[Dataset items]
# # # # # # #

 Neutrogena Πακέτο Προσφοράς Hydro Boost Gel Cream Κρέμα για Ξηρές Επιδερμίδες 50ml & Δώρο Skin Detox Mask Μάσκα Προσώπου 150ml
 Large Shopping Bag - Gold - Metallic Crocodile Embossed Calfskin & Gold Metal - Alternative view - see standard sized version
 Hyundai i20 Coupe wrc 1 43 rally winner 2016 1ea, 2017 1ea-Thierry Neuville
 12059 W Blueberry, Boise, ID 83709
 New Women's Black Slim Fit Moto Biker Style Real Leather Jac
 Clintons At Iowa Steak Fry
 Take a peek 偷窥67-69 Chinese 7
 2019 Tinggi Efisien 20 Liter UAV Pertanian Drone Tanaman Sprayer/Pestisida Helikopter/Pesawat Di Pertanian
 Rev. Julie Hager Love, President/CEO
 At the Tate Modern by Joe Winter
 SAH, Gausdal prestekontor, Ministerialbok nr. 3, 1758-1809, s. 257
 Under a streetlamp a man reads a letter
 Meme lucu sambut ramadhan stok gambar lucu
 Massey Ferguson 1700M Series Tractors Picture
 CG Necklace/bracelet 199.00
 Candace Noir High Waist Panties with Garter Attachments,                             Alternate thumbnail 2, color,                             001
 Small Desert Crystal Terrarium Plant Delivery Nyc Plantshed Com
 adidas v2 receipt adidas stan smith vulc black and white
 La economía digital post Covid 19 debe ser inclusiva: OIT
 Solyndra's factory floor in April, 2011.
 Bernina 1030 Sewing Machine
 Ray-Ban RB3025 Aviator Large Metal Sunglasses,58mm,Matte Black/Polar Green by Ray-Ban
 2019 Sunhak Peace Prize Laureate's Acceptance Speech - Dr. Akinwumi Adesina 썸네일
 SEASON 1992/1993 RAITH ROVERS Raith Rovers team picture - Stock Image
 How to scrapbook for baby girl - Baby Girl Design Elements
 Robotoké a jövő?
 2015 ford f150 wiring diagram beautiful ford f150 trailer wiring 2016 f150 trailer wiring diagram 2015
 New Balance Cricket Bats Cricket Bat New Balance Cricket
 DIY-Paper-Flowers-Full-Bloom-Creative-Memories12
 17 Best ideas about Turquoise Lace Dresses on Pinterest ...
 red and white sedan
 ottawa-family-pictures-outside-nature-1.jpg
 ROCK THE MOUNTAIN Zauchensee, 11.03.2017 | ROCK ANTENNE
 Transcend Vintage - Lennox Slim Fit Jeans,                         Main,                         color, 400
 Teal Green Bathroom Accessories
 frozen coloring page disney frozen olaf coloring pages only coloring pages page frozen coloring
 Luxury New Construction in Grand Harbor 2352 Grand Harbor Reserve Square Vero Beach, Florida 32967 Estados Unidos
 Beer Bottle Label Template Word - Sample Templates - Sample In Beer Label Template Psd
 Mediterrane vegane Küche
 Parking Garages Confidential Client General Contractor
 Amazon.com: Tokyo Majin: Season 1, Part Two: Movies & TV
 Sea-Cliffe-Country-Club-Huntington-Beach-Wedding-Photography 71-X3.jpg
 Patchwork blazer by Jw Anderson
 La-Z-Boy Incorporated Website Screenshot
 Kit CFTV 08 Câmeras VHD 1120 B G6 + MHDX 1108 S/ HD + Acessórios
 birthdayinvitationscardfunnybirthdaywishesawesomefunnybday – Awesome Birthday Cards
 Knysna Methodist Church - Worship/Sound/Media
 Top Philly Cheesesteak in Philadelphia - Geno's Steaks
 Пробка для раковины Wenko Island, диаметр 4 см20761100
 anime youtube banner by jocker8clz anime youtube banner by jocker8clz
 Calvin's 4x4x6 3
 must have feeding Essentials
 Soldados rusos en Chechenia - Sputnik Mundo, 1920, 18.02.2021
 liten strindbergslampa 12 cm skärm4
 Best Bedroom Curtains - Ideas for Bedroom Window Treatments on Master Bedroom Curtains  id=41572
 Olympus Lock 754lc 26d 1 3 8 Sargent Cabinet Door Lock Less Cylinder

# # # # # # #

Check each line above for the string "white", then copy the ones that have it.

 adidas v2 receipt adidas stan smith vulc black and white
 red and white sedan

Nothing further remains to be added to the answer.